By joining forces to expand the recycling of scrap materials in battery cell manufacturing in North America, the new recycling process will allow Ultium Cells LLC to recycle cobalt, nickel, lithium, graphite, copper, manganese and aluminum.
“95% of these materials can be used in the production of new batteries or for adjacent industries,” says GM, who explains that the new hydrometallurgical process emits 30% less greenhouse gases (GHGs) than traditional processes, minimising the environmental impact. Use of this process will begin later in the year (2021).
"Our combined efforts with Ultium Cells will be instrumental in redirecting battery manufacturing scrap from landfills and returning a substantial amount of valuable battery-grade materials back into the battery supply chain. This partnership is a critical step forward in advancing our proven lithium-ion resource recovery technology as a more sustainable alternative to mining, " said Ajay Kochhar, President, CEO and co-founder of Li-Cycle.
"GM's zero-waste initiative aims to divert more than 90% of its manufacturing waste from landfills and incineration globally by 2025. Now, we're going to work closely with Ultium Cells and Li-Cycle to help the industry get even better use out of the materials,” added Ken Morris, Vice President of Electric and Autonomous Vehicles, GM.

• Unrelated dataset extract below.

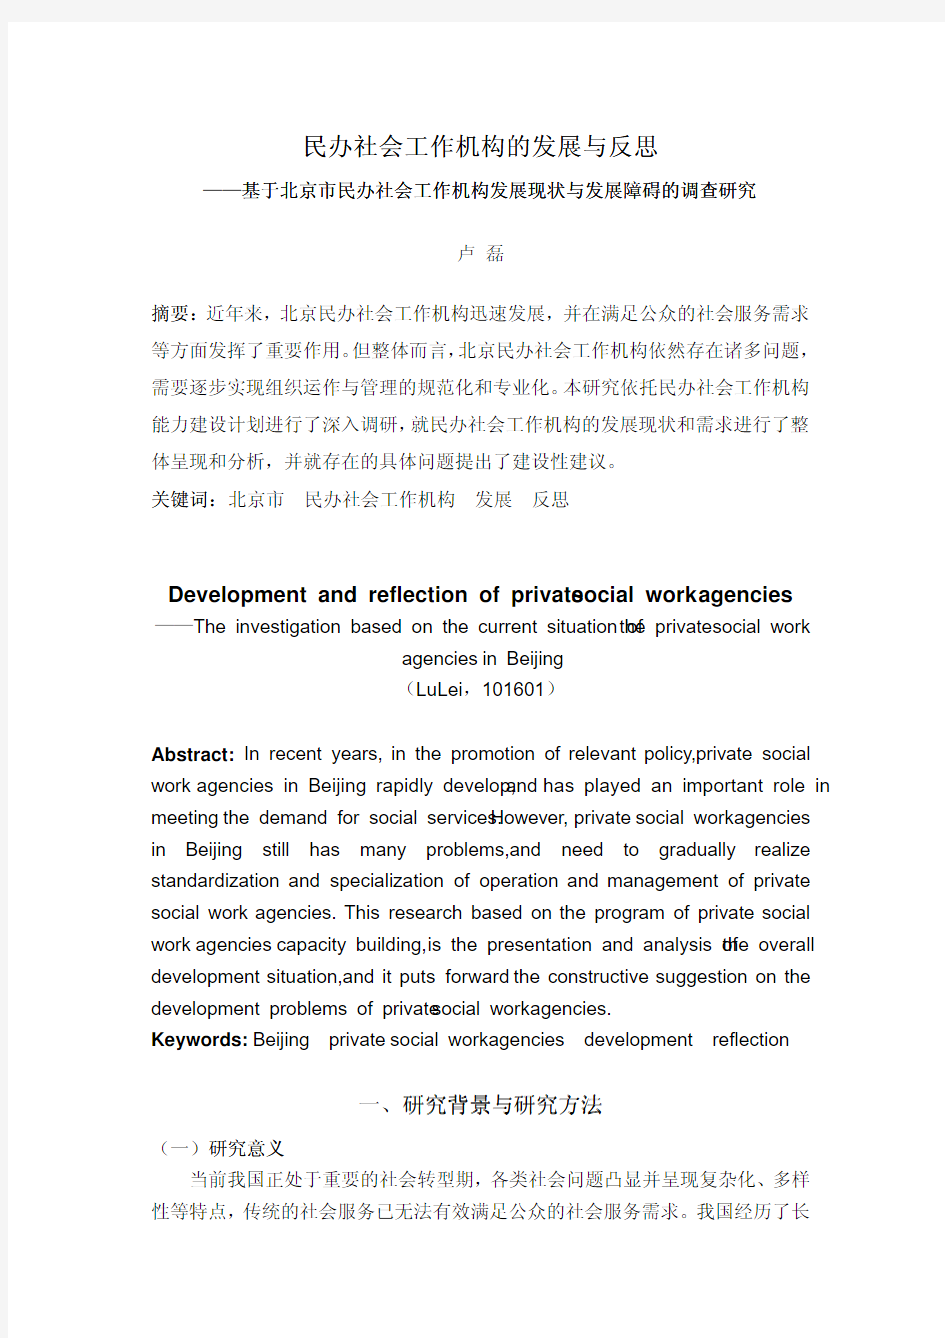 民办社会工作机构的发展与反思——基于北京市民办社会工作机构发展现状与发展障碍的调查研究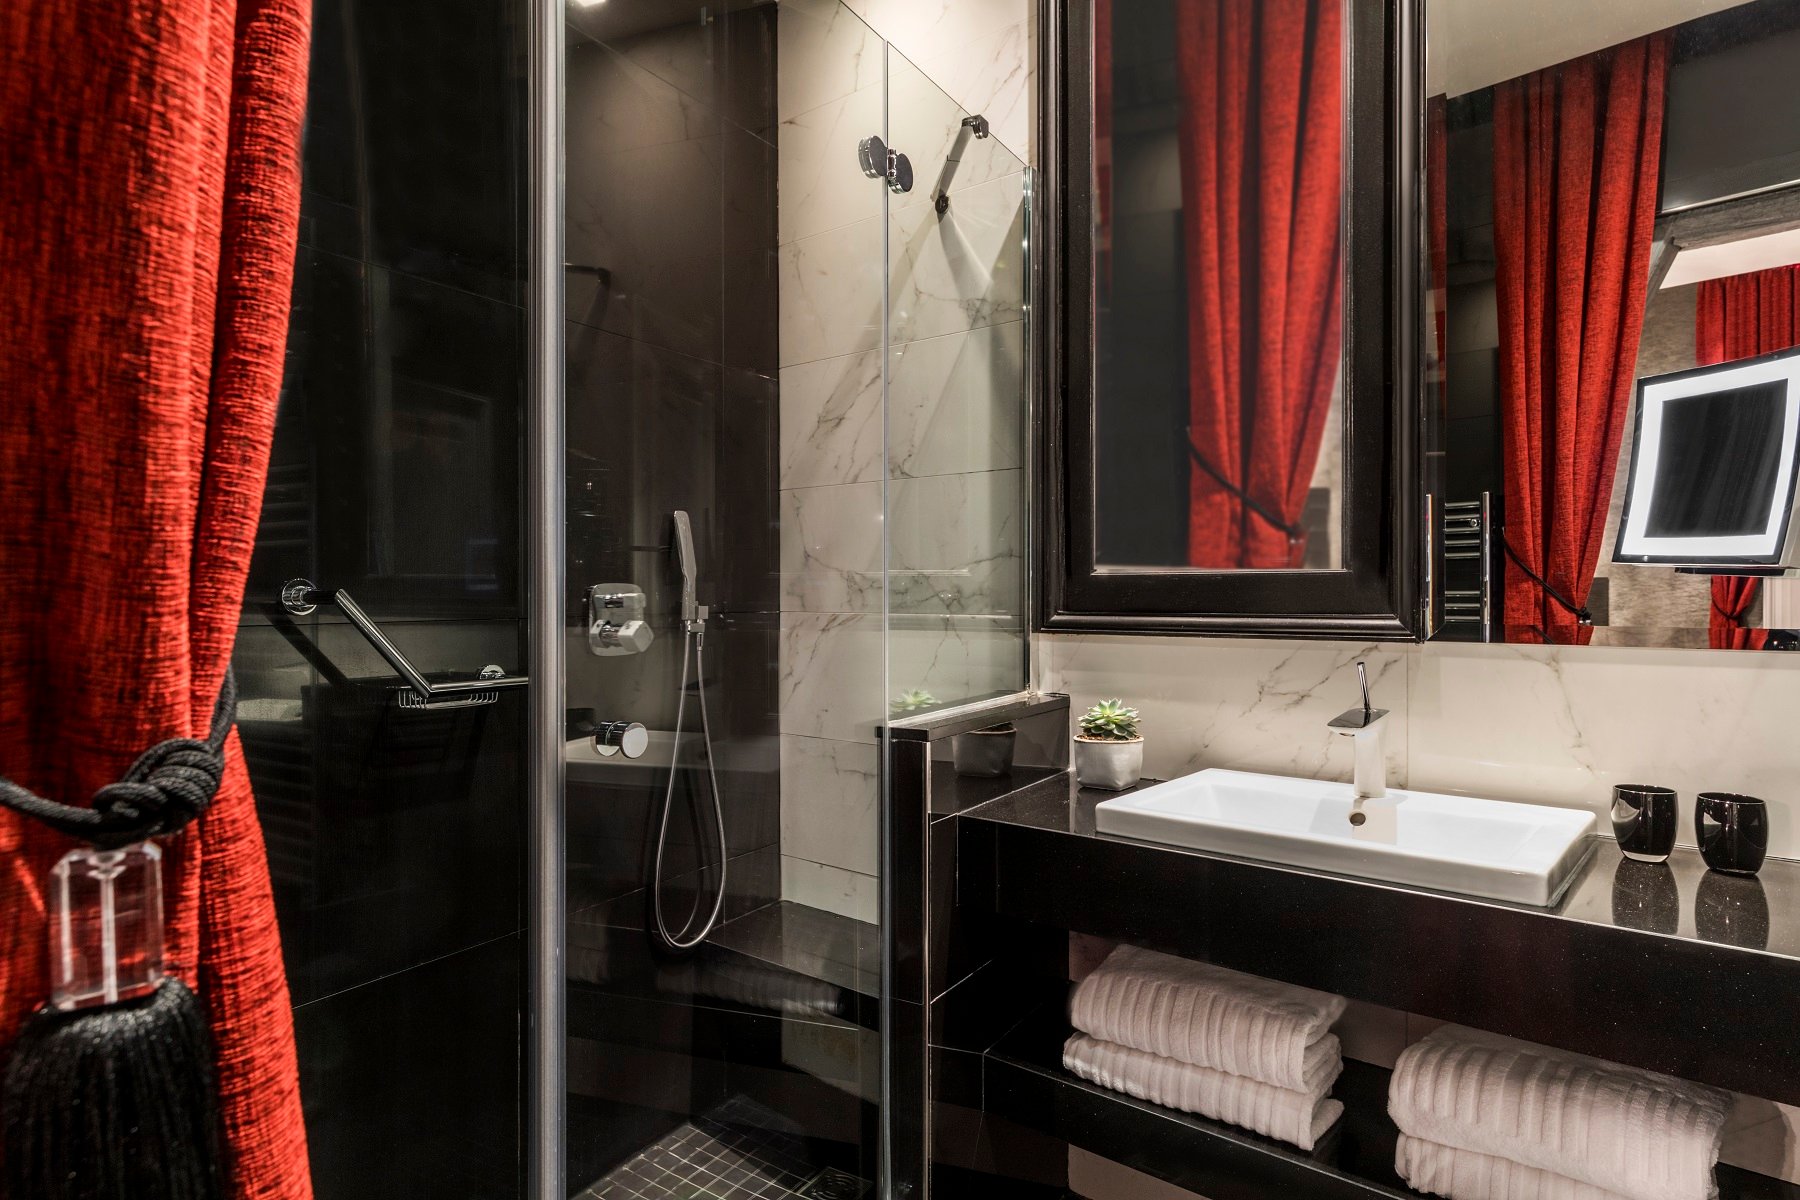 Maison Albar Hotels Le Champs-Elysées salle de bain chambre supérieure

Since 2013, GM has recycled or reused 100% of the battery packs it has received from customers, with most current GM EVs repaired with refurbished packs.
"We strive to make more with less waste and energy expended. This is a crucial step in improving the sustainability of our components and manufacturing processes,” concluded Thomas Gallagher, Chief Operating Officer, Ultium Cells LLC.